2014 IP30 wells: The average decline rates of EOG’s 2014 wells (middle column) are similar to slightly worse than the rates of average 2014 Bakken well over the first 2 years following the IP30 month. The decline rates of the 2014 Bakken wells are supposed to have been negatively impacted by interference as a result of tighter well spacing compared to the pre 2014 wells. If EOG’s 2014 wells were less impacted by interference than the average Bakken well, enhanced completion must have had a negative impact.

2015 IP30 wells. The decline rates of EOG’s 2015 wells are significantly worse than  the rates of the average Bakken well. In the 13th month (not shown in the table), based on 27 wells, production is down to 14% of IP30, a ratio that the average 2014 Bakken well reaches in month 24 and that the pre 2014 wells reach only in the 4th production year.
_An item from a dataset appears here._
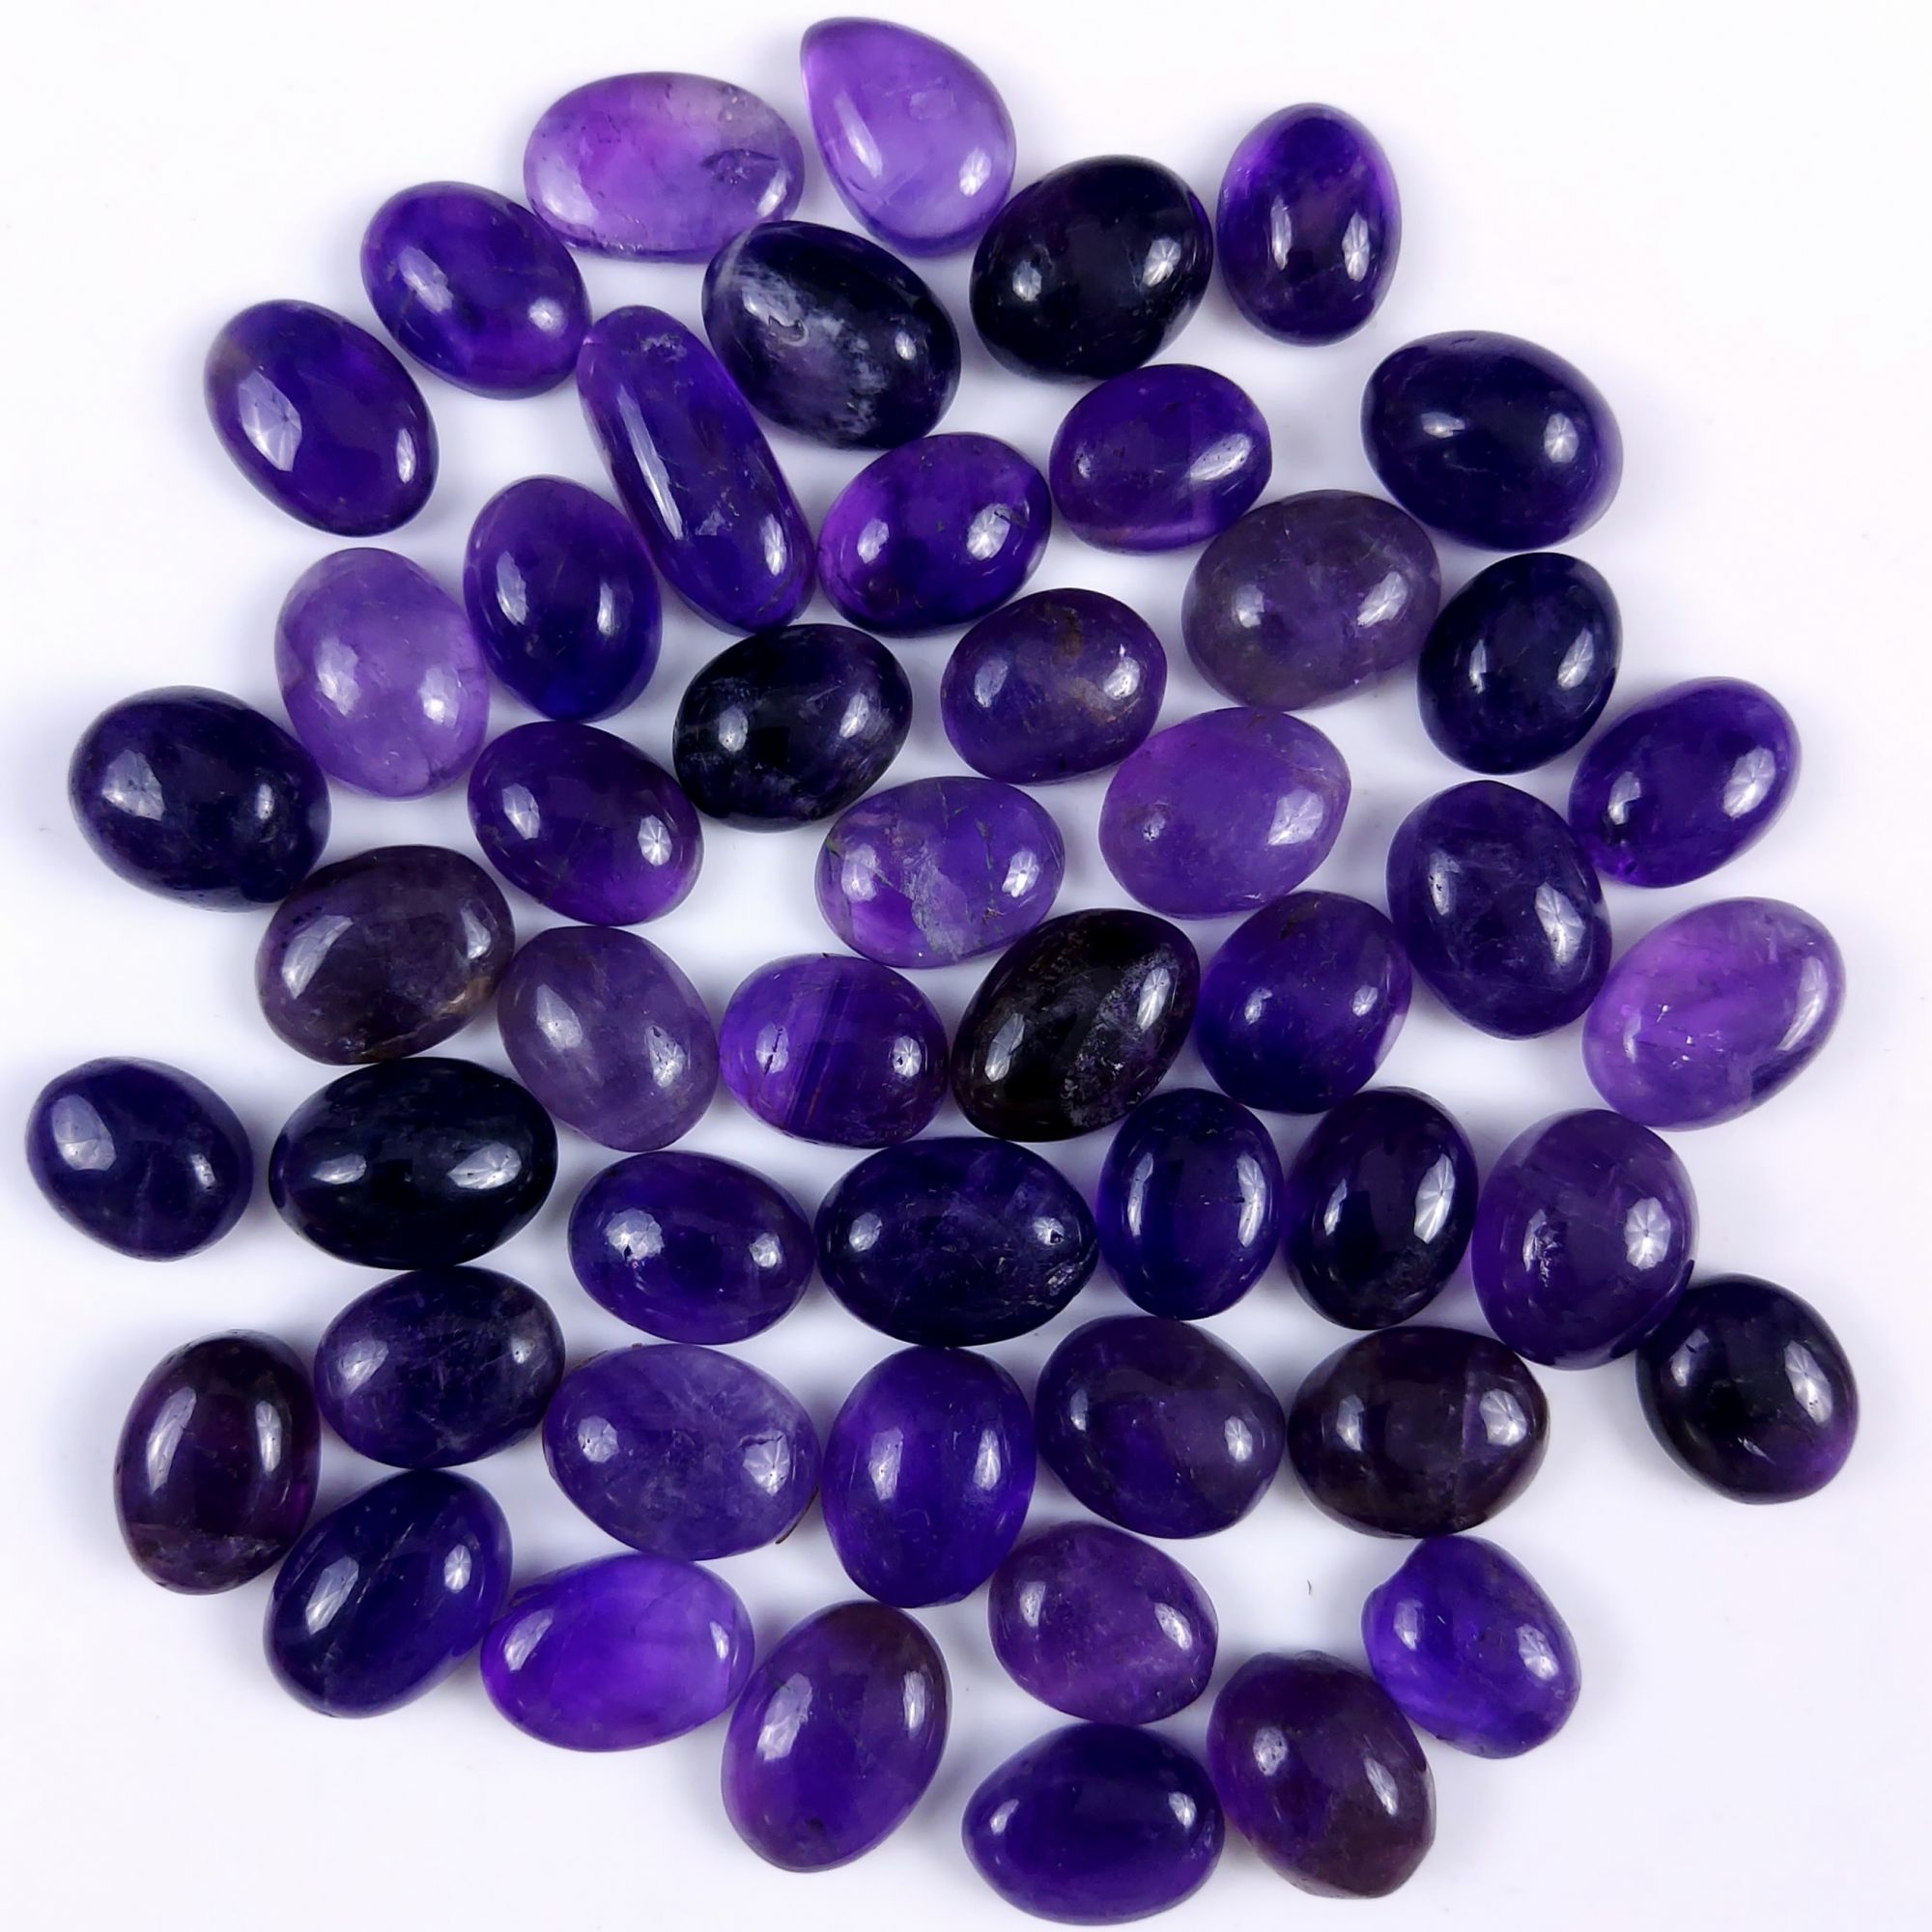 50Pcs Lot 575Cts Natural Purple Amethyst Mix Shape Cabochon Lot  Loose Gemstones Crystal For Jewelry Making  20x7 12x10mm#G-255

The productivity trends from 2013 to 2015 indicate that EOG’s glory days in the Bakken might be ending and that its high quality acreage is getting exhausted.

Regarding the impact of enhanced completion on the decline rate of a well, the results of the different years leaves room for interpretations. It’s difficult to single out that possible  negative impact from other negative influences.

Outlook

Bakken’s sweetest spots are saturated with wells. To be able to drill more wells there, EOG has started to apply high density fracking limited to a relatively short distance around the wellbore in 2015, to avoid interference with existing nearby wells.

High density fracking coupled with enhanced completion reduces flow resistance and  produces impressive IP30 numbers. But by reducing the frack distance around the wellbore, the reservoir volume is also reduced. The question is: how fast will the flow decline and how long will it last?

In its presentation of results for the 2nd quarter of 2015, EOG stated that had made it’s first high density completion in the Antelope field – well Riverview 102-32h – and mentioned it’s industry record IP30 production in July 2015 with close to 2800 b/d (4 times higher than the average of EOG’s  7 other wells with IP30 in July and August of 2015). But the decline was steep. In  the 6th month, down to one quarter of IP30 and in the 12th month just 14% of IP30.

Interference can nevertheless not be fully avoided if the new high density wells with limited frack distance are placed between older wells with longer frack distances around their well bore. The performance of the older wells will get negatively impacted.